LLB student describes United Nations internship

Final year LLB Law student Anshuk Megharikh gives his account of his internship at the United Nations headquarters in New York City.

14 July 2011 was the day that the United Nations admitted its 193rd member, South Sudan, a historic occasion.

 

LLB student describes United Nations internship

It was also the first day of the best experience of my life, an internship at the Headquarters of the United Nations in New York City. I was attached to the Permanent Mission of India to the UN, as part of their delegation to the Security Council (SC). This was particularly exciting as India had the Presidency of the SC for the month of August, an honour that hasn’t been accorded to India in over nineteen years.

I was expected to attend all the meetings of the SC including formal and informal bilateral and multilateral negotiations on various resolutions and Presidential Statements. I was also heavily involved in the work of the SC Subcommittee on Counter-Terrorism, of which the Permanent Representative of India to the UN is the Chairperson.

My work including writing reports on all the meetings I attended for the benefit of the Ministry of External Affairs in India, researching and providing backgrounders on the various issues to the Indian diplomats and taking part in negotiations when appropriate. On occasion I was also asked to attend meetings as the sole representative and make statements on behalf of India.

The work I did was fulfilling, enlightening and most of all, extremely exciting. I was fortunate enough to sit through closed deliberations on the escalating situation in Syria and the constantly changing situation in Libya.
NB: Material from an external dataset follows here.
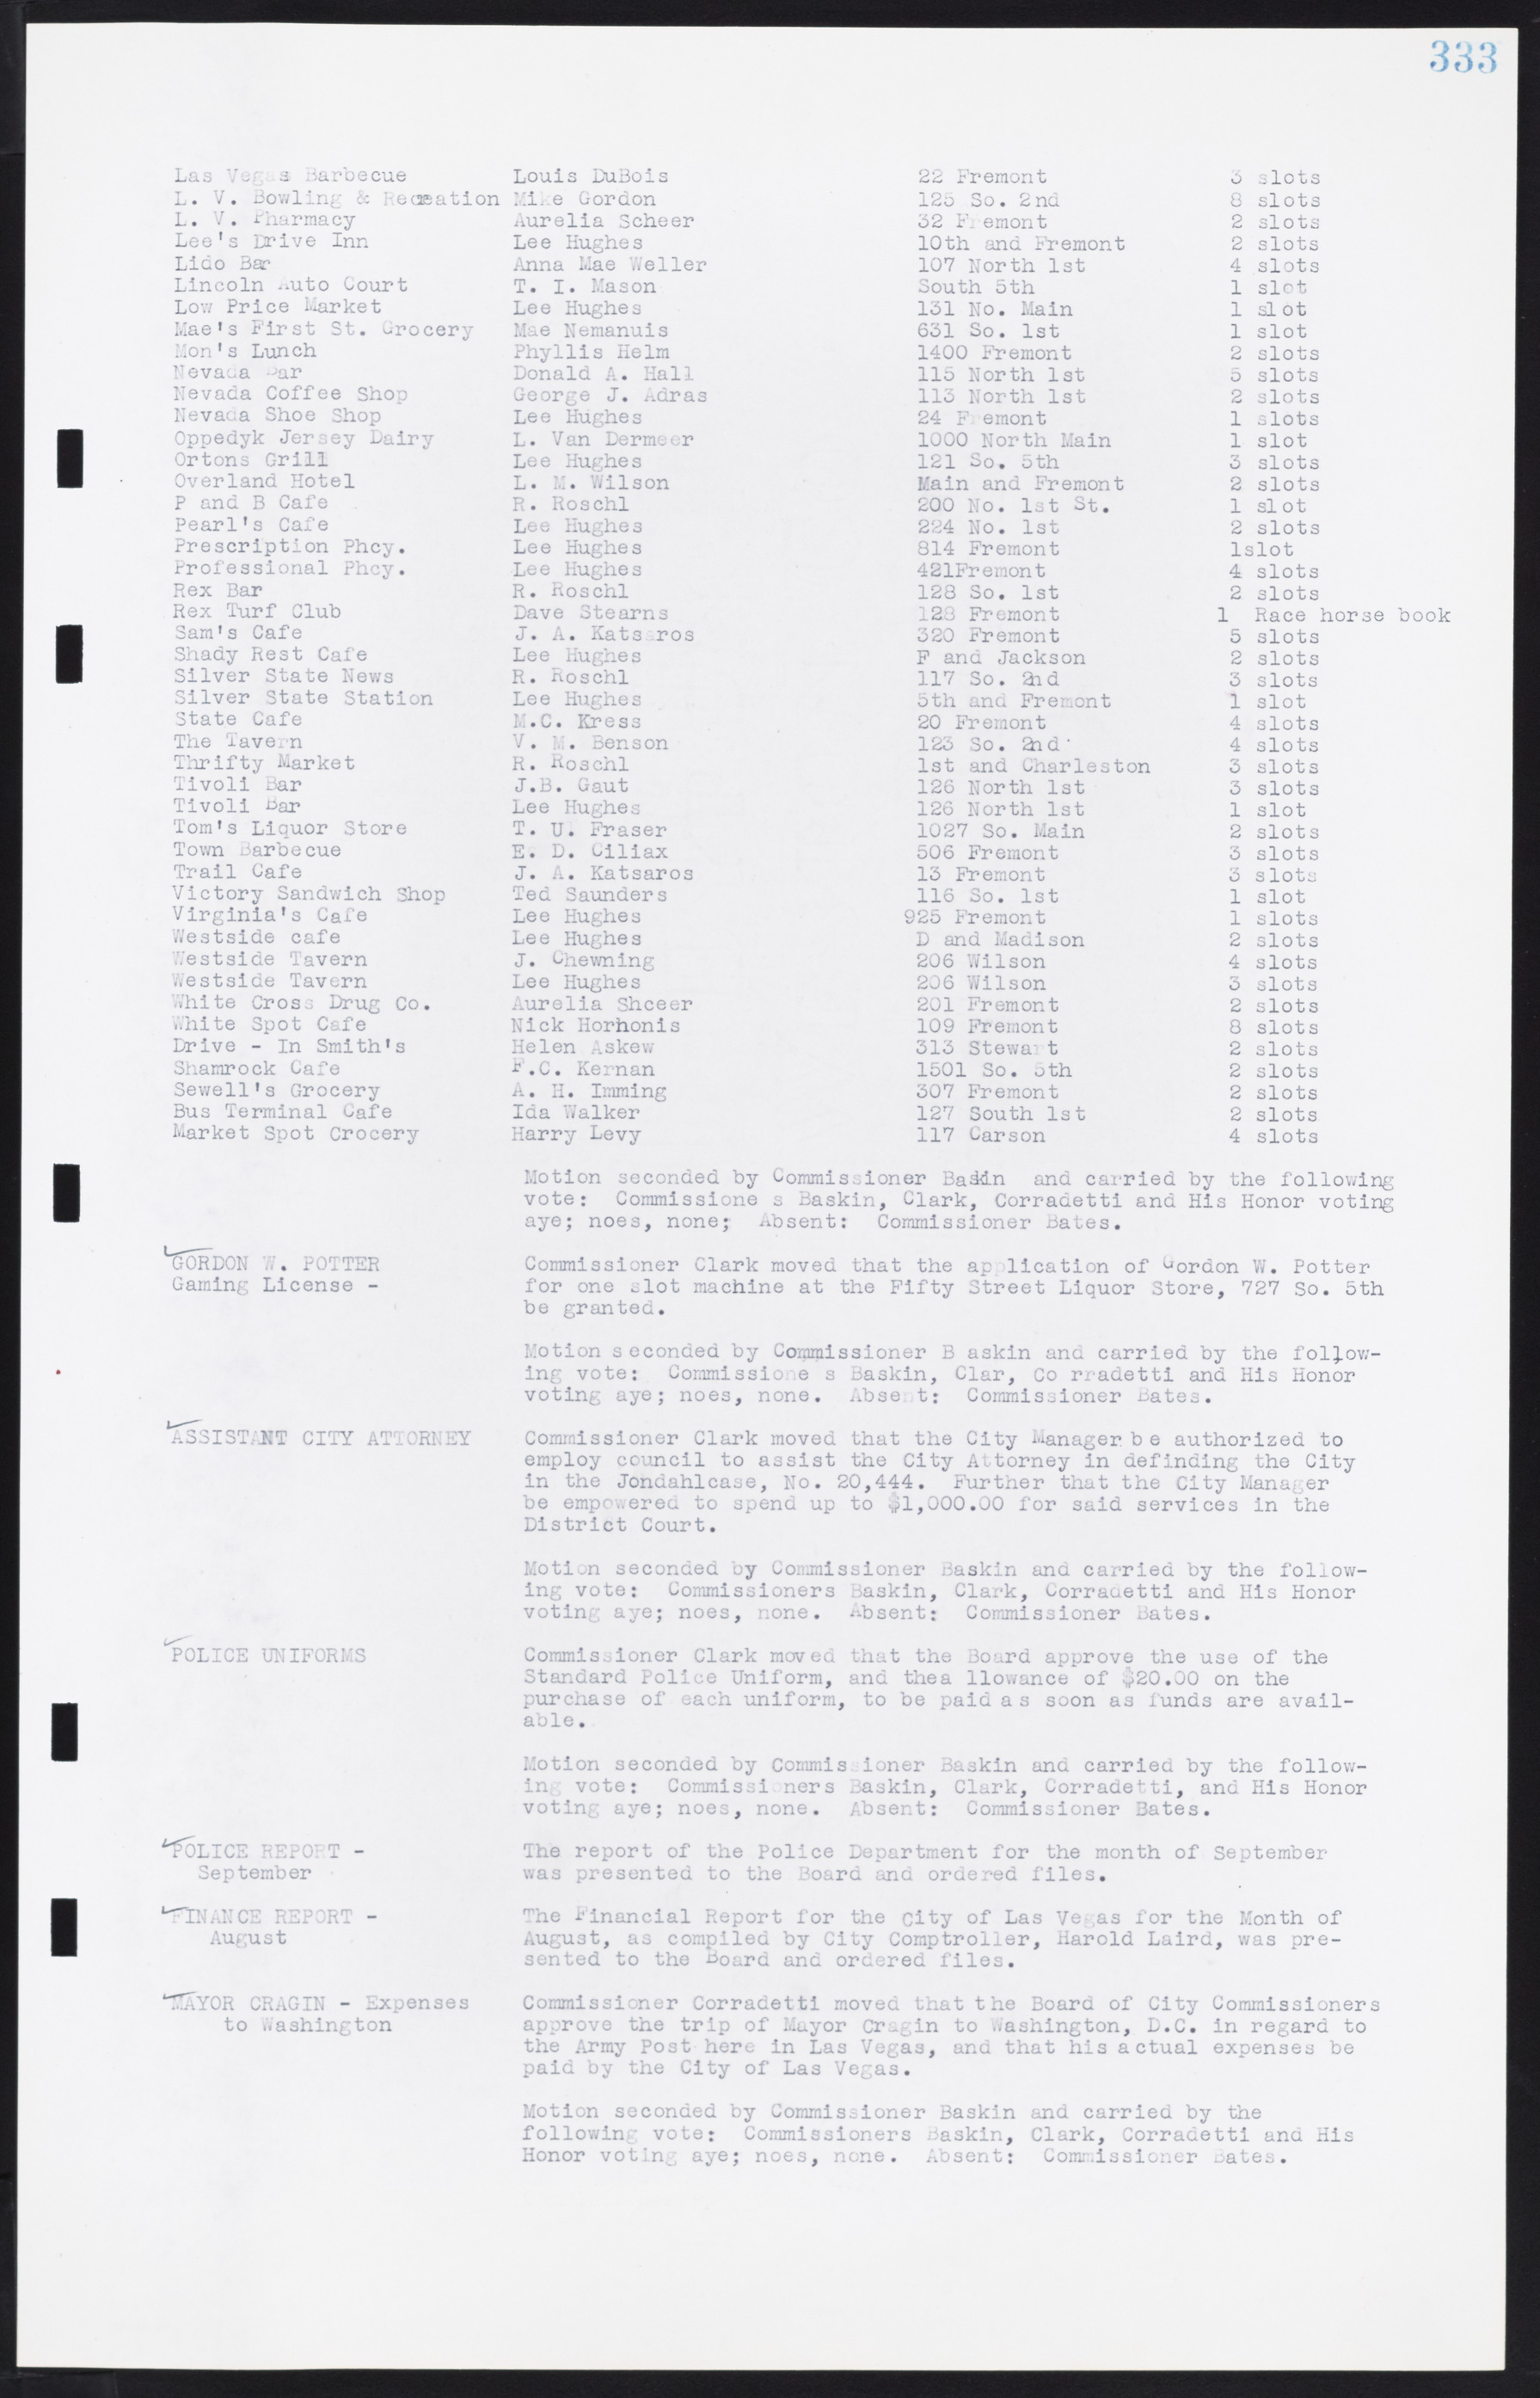 Las Vegas City Commission Minutes, August 11, 1942 to December 30, 1946, lvc000005-357

I was also involved in the drafting of the historic Presidential Statement on the situation in Syria on the 3rd of August. It was one of only three occasions in history that a country had “dissociated” itself from a Presidential Statement, the last happening over 35 years ago.

One of the highlights of my six weeks at the UN was the opportunity to interact with a huge variety of senior leaders from Governments across the world, including the Presidents of Zimbabwe, Bolivia and Nauru; the Foreign Ministers of Serbia, Kosovo and Australia and a large number of Ministers from over fifteen different countries.

I was also lucky enough to meet celebrities such as the supermodel, Alek Wek and the captain of the New York Yankees, Alex Rodriguez. But most of all, my daily interactions with diplomats and interns from across the world were the most enriching experiences of my life, teaching me more about the culture and history of these countries than any book ever has. 

These were, by far, the best six weeks I have ever had. I did not, for one moment, mind the sixteen-hour days or the six-day weeks, simply because I loved what I was doing.

The sheer importance of the work I was involved with hit me during a casual conversation with the Indian legal attaché after negotiations on the Arms Trade Treaty. He said, “As a law student, you’re particularly lucky to have sat in on these negotiations, because if they are successful, two, maybe three years down the line, students such as yourself will be sitting in universities all across the world, studying exactly what we talked about in there, trying to figure out what we are trying to achieve.”